The PCU 30 executes bidirectional power conversion between the secondary battery 10 and the motor generators 210 and 220 according to the control signal from the ECU 100. The PCU 30 is configured so that the states of the motor generators 210 and 220 can be controlled separately. For example, the motor generator 220 can be put into a power running state while the motor generator 210 is in a regenerative state (power generation state). The PCU 30 includes, for example, two inverters provided corresponding to the motor generators 210 and 220, and a converter (neither shown) that boosts the DC voltage supplied to each inverter to a voltage higher than the output voltage of the secondary battery 10. Consists of including. The PCU 30 corresponds to the "power conversion device" according to the present disclosure.

Each of the motor generators 210 and 220 is an AC rotating electric machine, for example, a three-phase AC synchronous motor in which a permanent magnet is embedded in a rotor. The motor generator 210 is mainly used as a generator driven by the engine 230 via the power splitting device 240. The electric power generated by the motor generator 210 is supplied to the motor generator 220 or the secondary battery 10 via the PCU 30. The motor generator 220 mainly operates as an electric motor and drives the drive wheels 260. The motor generator 220 is driven by receiving at least one of the electric power from the secondary battery 10 and the electric power generated by the motor generator 210, and the driving force of the motor generator 220 is transmitted to the drive shaft 250. On the other hand, when the vehicle is braking or the acceleration is reduced on a downward slope, the motor generator 220 operates as a generator to generate regenerative power generation. The electric power generated by the motor generator 220 is supplied to the secondary battery 10 via the PCU 30.

The engine 230 is an internal combustion engine that outputs power by converting the combustion energy generated when the air-fuel mixture is burned into the kinetic energy of movers such as pistons and rotors.

The power splitting device 240 includes, for example, a planetary gear mechanism (not shown) having three rotating shafts of a sun gear, a carrier, and a ring gear. The power dividing device 240 divides the power output from the engine 230 into a power for driving the motor generator 210 and a power for driving the drive wheels 260.

The ECU 100 includes a CPU (Central Processing Unit) 101, a memory 102, and input / output ports (none of which are shown) for inputting / outputting various signals.

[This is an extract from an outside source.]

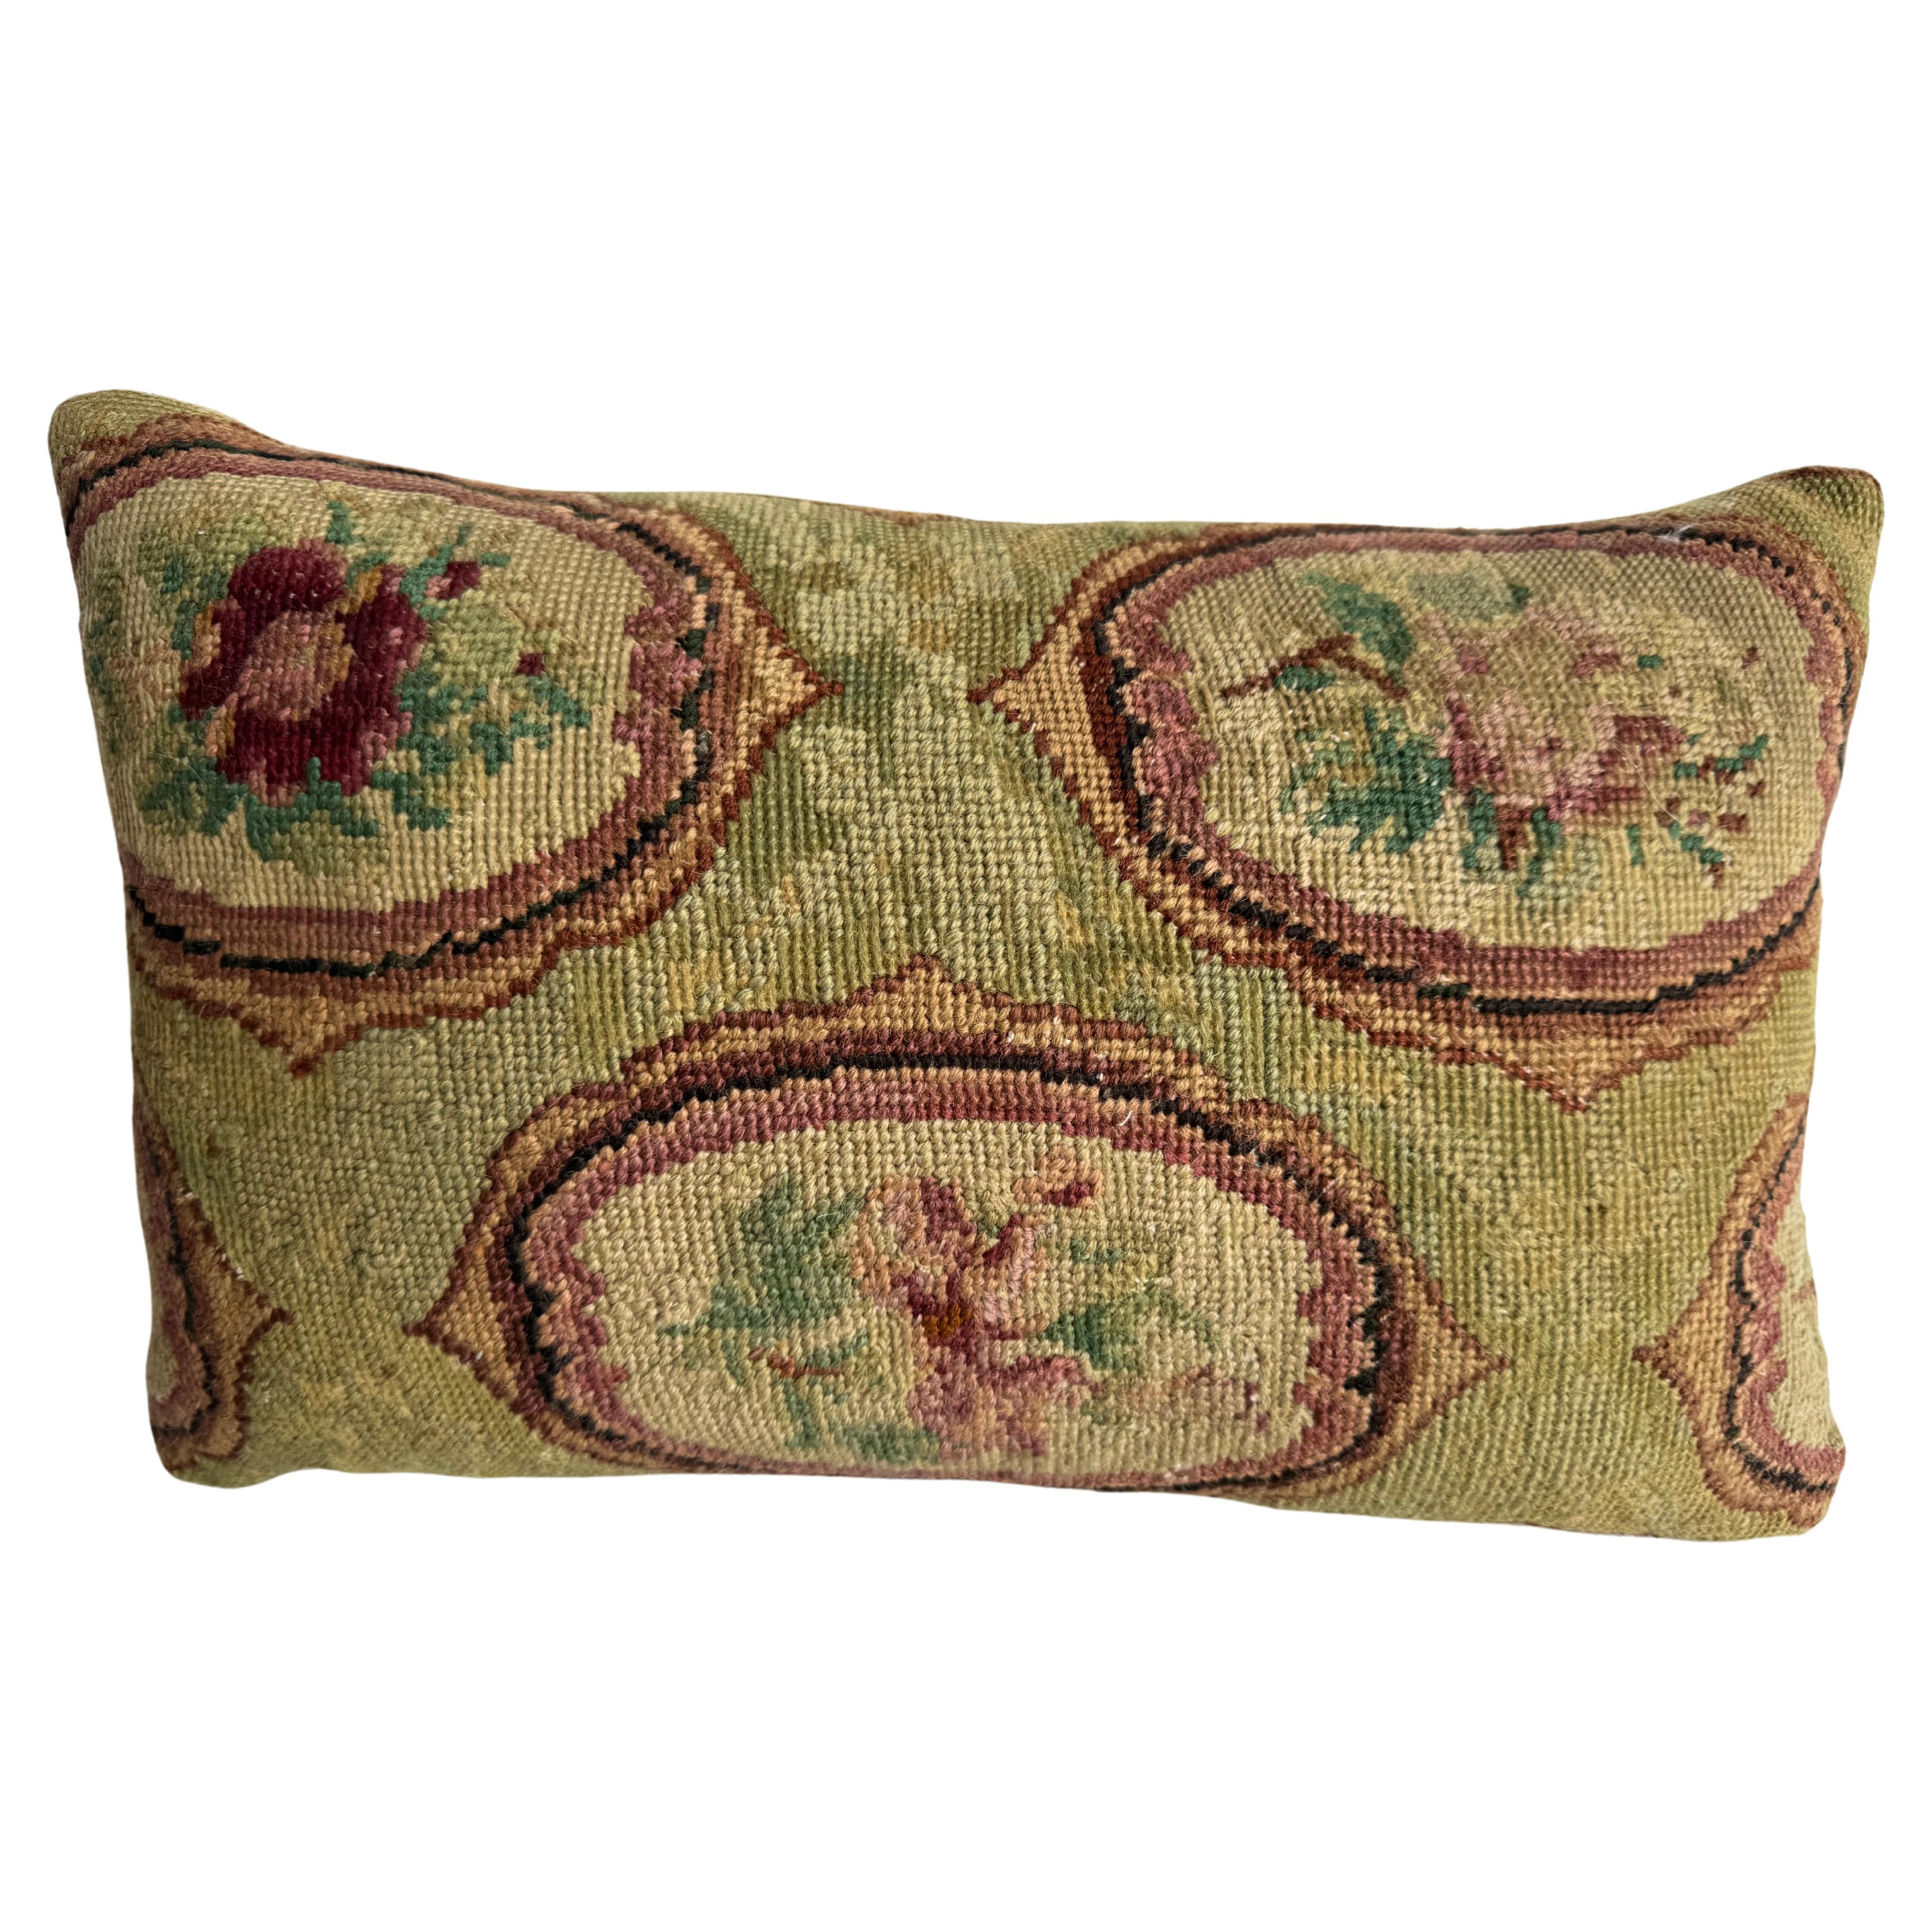 1856 English Needlework 16" x 11" Pillow For Sale

The ECU 100 controls the engine 230 and the PCU 30 so that desired charging and discharging are performed based on the signal received from each sensor and the program and the map stored in the memory 102. Further, as a main control of the ECU 100 in the present embodiment, there is a "charge / discharge suppression control" that suppresses the charge / discharge of the secondary battery 10 according to the SOC of the secondary battery 10. The charge / discharge suppression control will be described in detail later.

<Amount of deterioration of secondary battery>
The secondary battery 10 may deteriorate with the repetition of charging and discharging or the passage of time, and the internal resistance of the secondary battery 10 may increase. Therefore, in the present embodiment, the deterioration amount D for quantitatively evaluating the progress of deterioration of the secondary battery 10 is calculated. The deterioration rate β, which is the rate of increase in the internal resistance of the secondary battery 10, is used to calculate the deterioration amount D.

FIG. 2 is a diagram showing an example of the relationship between the temperature TB of the secondary battery 10 and the deterioration rate β of the secondary battery 10. In FIG. 2, the horizontal axis represents the reciprocal of the temperature TB of the secondary battery 10. The vertical axis shows the natural logarithmic value of the deterioration rate β of the secondary battery 10.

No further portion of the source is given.